Re: 63 - thanks for posting this.
This really comes down to AJs Alito and Thomas believing that the court was obligated to allow the bill of complaint to be filed because per Article III, the Court -shall- have jurisdiction in cases between two or more states, and failing to provide a venue for States to settle disputes is inequitable - see https://www.supremecourt.gov/opinions/19pdf/150orig_3e04.pdf
I would expect that from those Justices - a textualist approach in such a matter.
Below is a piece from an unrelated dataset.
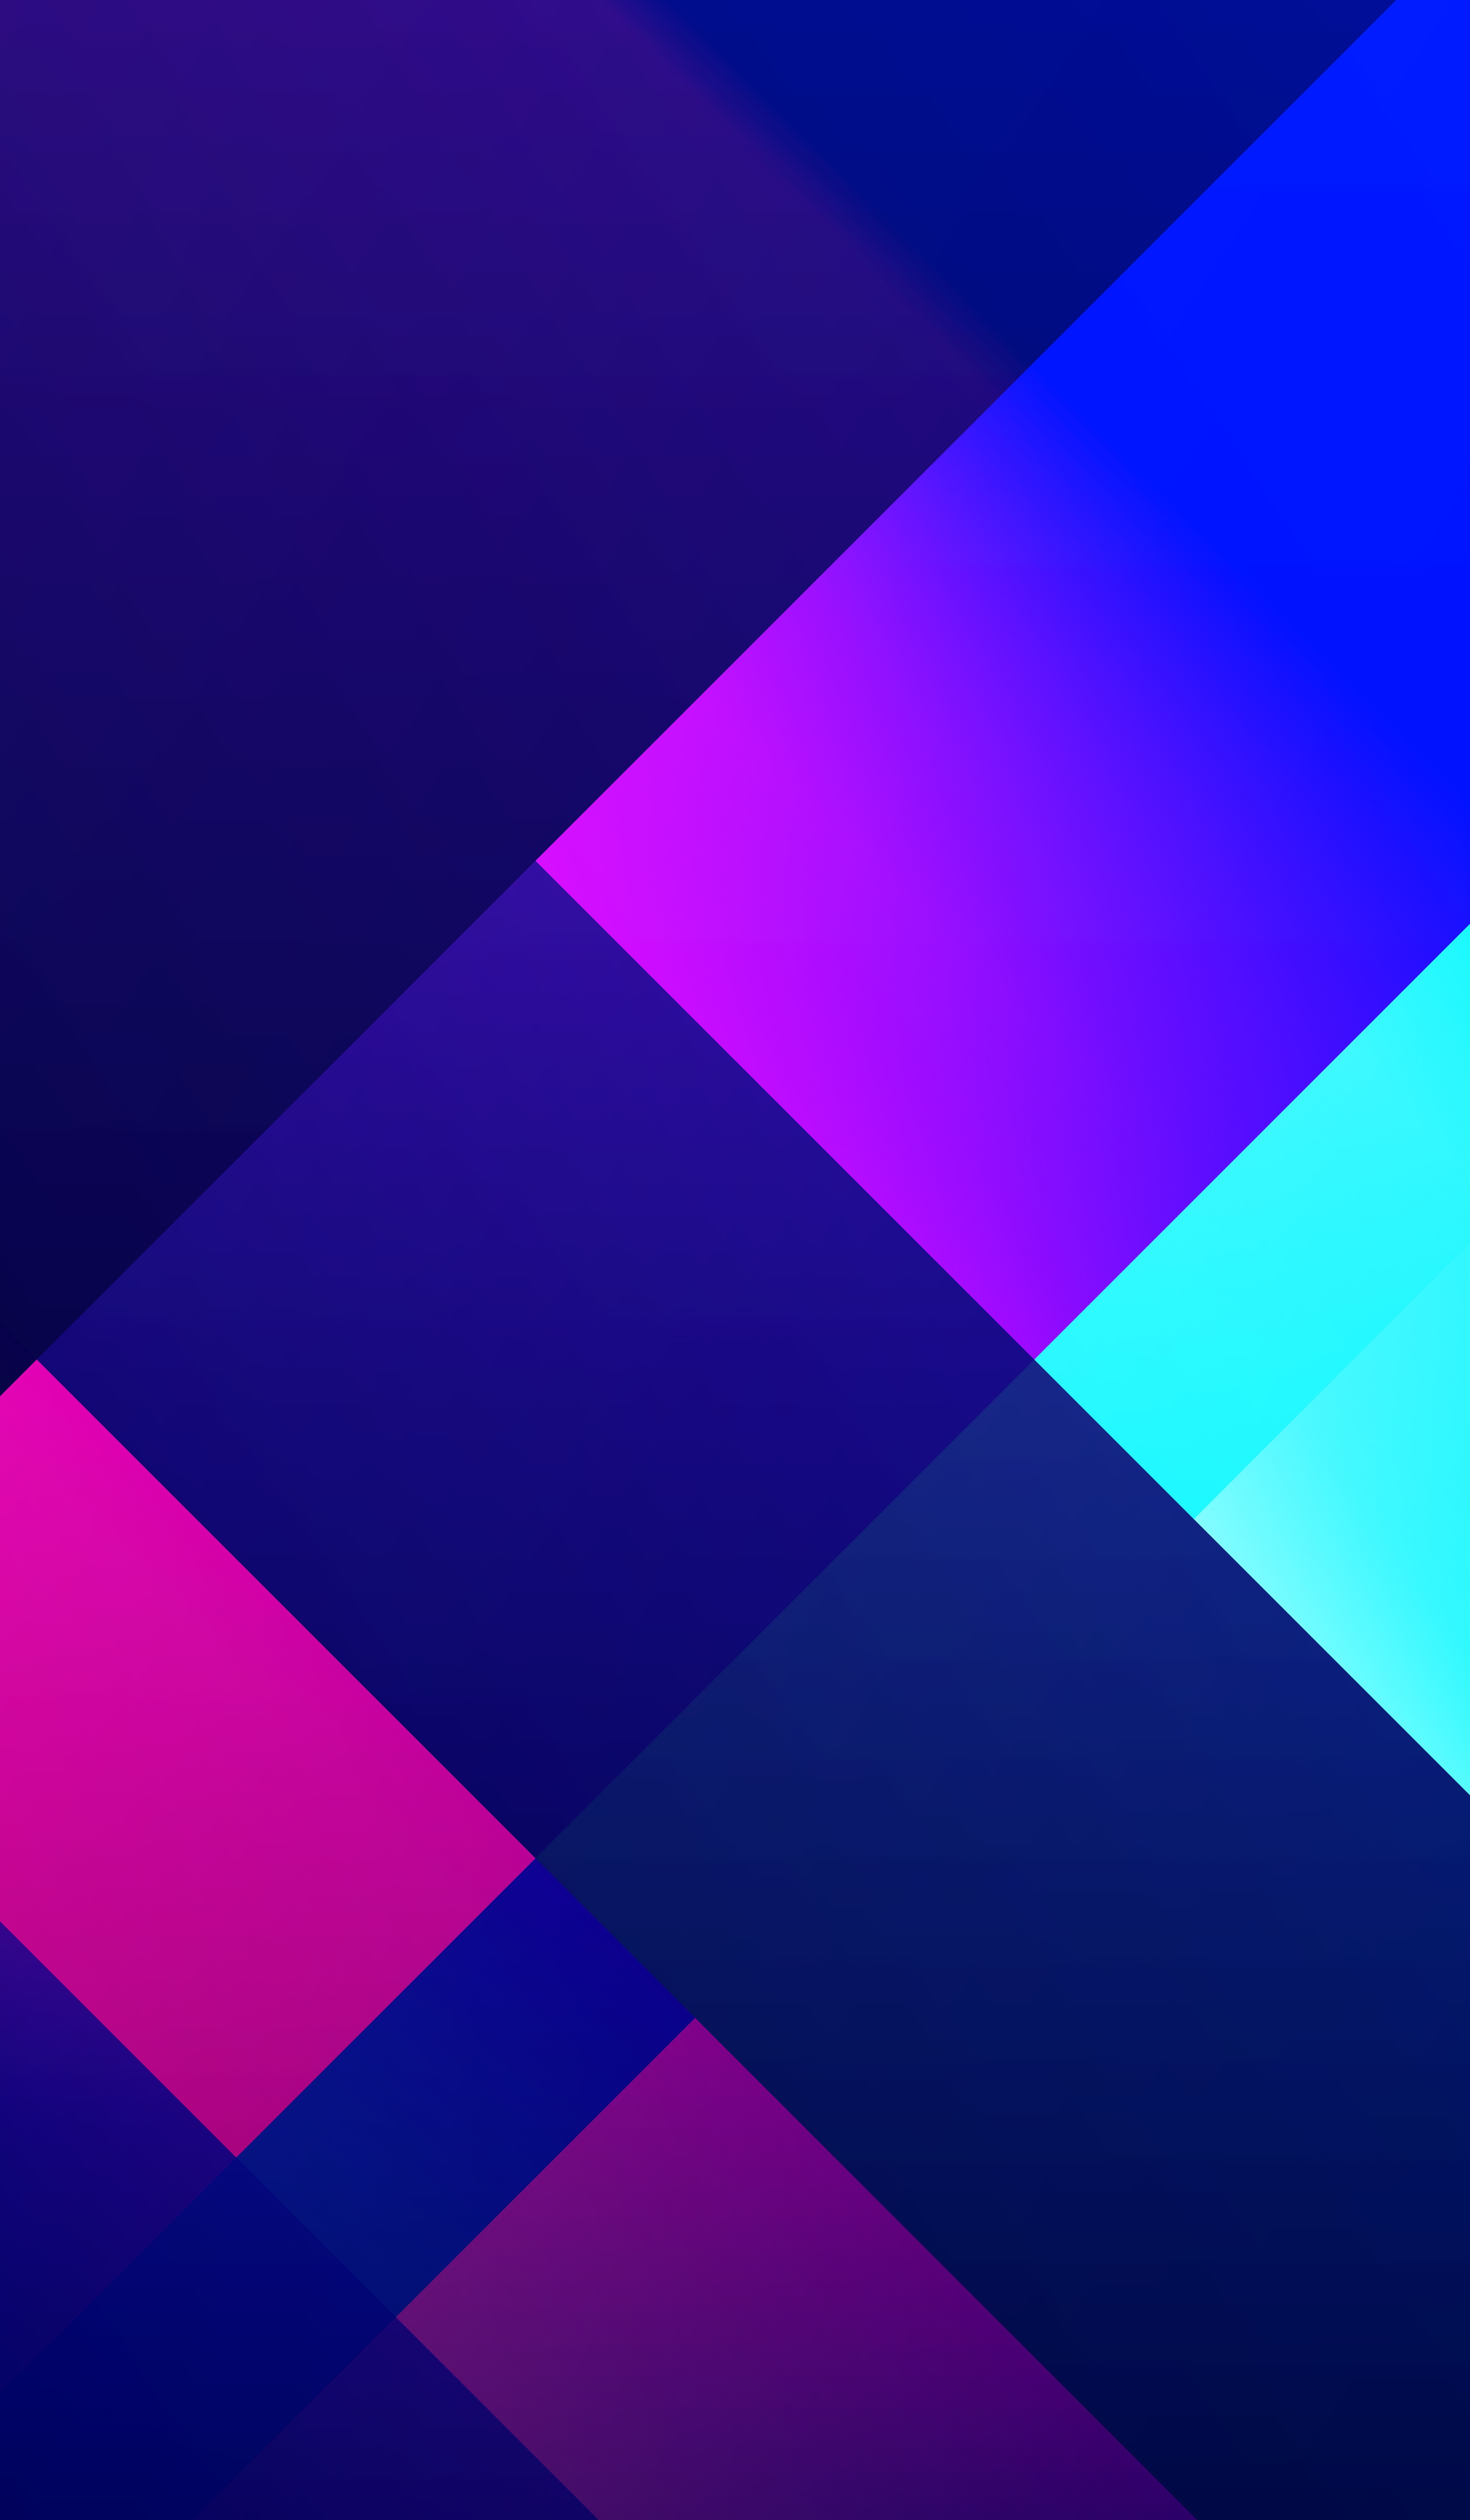 motley, geometry, gradient, abstract, multicolored phone background

But people just simply gloss over the part where Alito and Thomas would not grant any other relief other than allowing Texas to file a bill of complaint. It was simply not the business of Texas to cry foul and ask the Court to withhold the certified count from other states.
Just a clown car of a legal strategy and proof that foot stomping is not a replacement for a coherent legal strategy and team PRIOR to an election.
“What the hell is the constitutional basis for the Federal government to be prosecuting crimes for drive-by shootings?”
Getting Congressman elected. I wish I was kidding.
I could see such laws being relevant in D.C. or perhaps other Federal districts / reservations, but that’s about it.
I disagreed with Alito and Thomas at the time -- not because I disagreed with their legal rationale for accepting the case, but because I would have expected a textualist to be very, very reluctant by nature to allow the Federal courts to do anything to get involved in a presidential election where the Constitution lays out very clear plenary powers of the states.
This whole idea of one state (Texas) to file a legal action against another state (Pennsylvania) over a presidential election where there wasn't even any legitimate formal opposition from Pennsylvania's state or Federal officials would set a very dangerous precedent for eliminating state oversight of their own elections.
John Kerry’s transition is coming along well.